Earlier this year, the Extractive Industries Transparency Initiative (EITI), a voluntary programme currently operating in nearly three-dozen countries, undertook a major revision of its own rules to make sure they are in line with Section 1504. That move was supported by EITI’s members, which include several of the world’s largest oil-and-gas companies.

“We think it’s politically unwise to push for inclusion of any exemption – there’s strong support for transparency in the Senate and this provision would make it much more politically difficult to actually pass this legislation,” Ian Gary, senior policy manager for extractive industries at Oxfam America, a humanitarian group, told IPS.

“There hasn’t been a lot of momentum around this agreement necessarily, but there is broad momentum around implementing these new disclosure requirements. In fact, disclosure of this type would help oil companies build trust with the Mexican people, so they can see what they will actually get out of these new developments.”

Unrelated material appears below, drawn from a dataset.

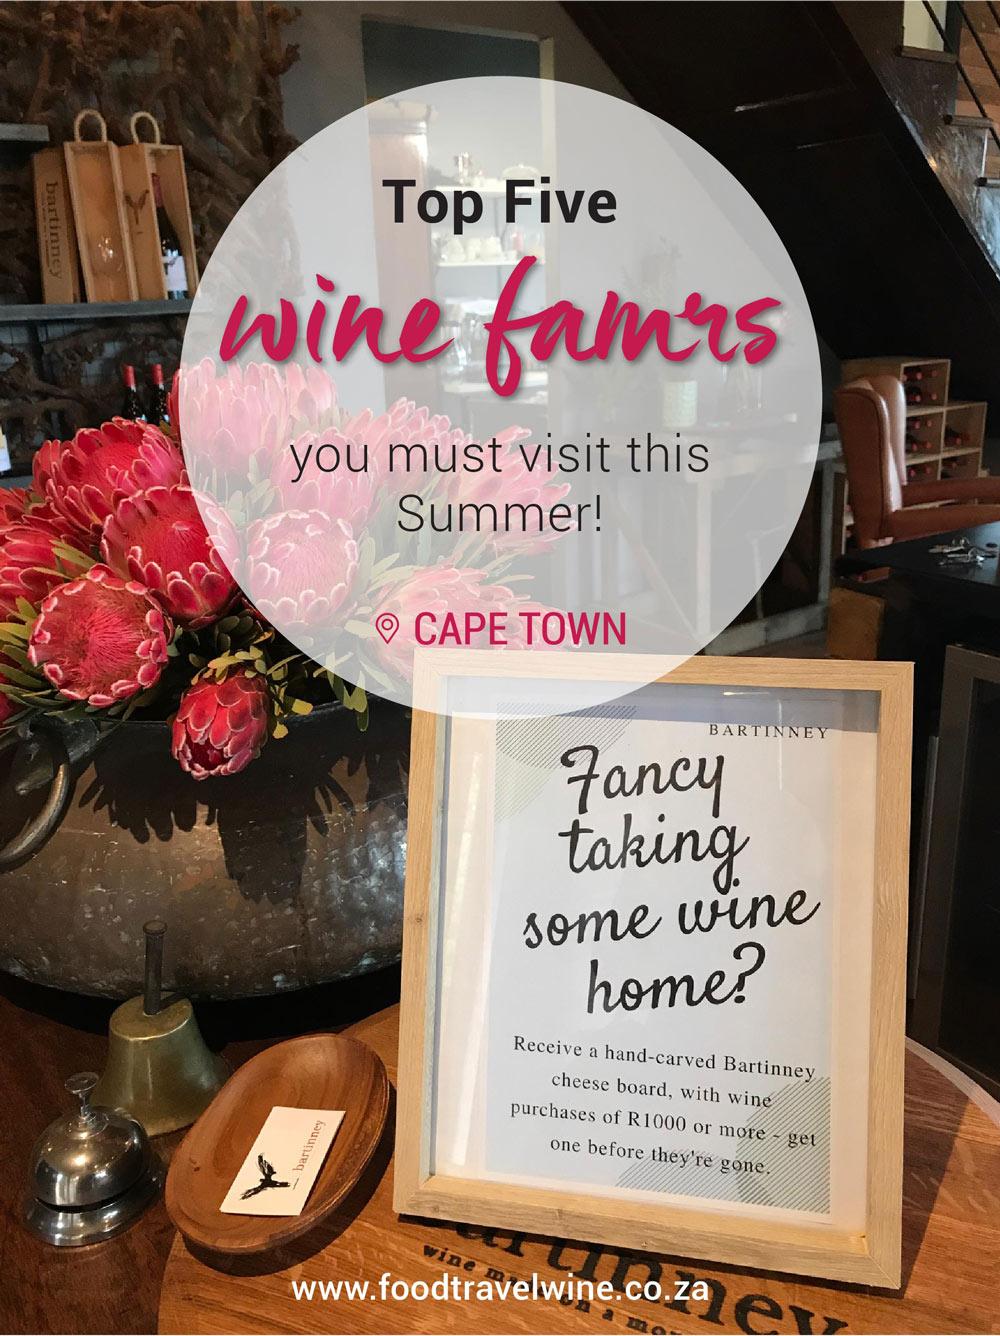 Top 5 Wine Farms

There does not appear to be any opposition to the transparency requirements coming from Mexico, either from the government or civil society. Not only does the bilateral agreement mandate that disclosure requirements be consistent with national laws, but such disclosure wouldn’t contravene any Mexican law.

“Any exemption from reporting under [Section 1504] … would be against the interests of Mexican citizens,” an open letter from 27 Mexican NGOs, sent in June to U.S. lawmakers, states.

“[T]he disclosure of information required by Section 1504 does not contravene any Mexican law and, moreover, improves the guarantee of the right of public information access, established in our legislation.”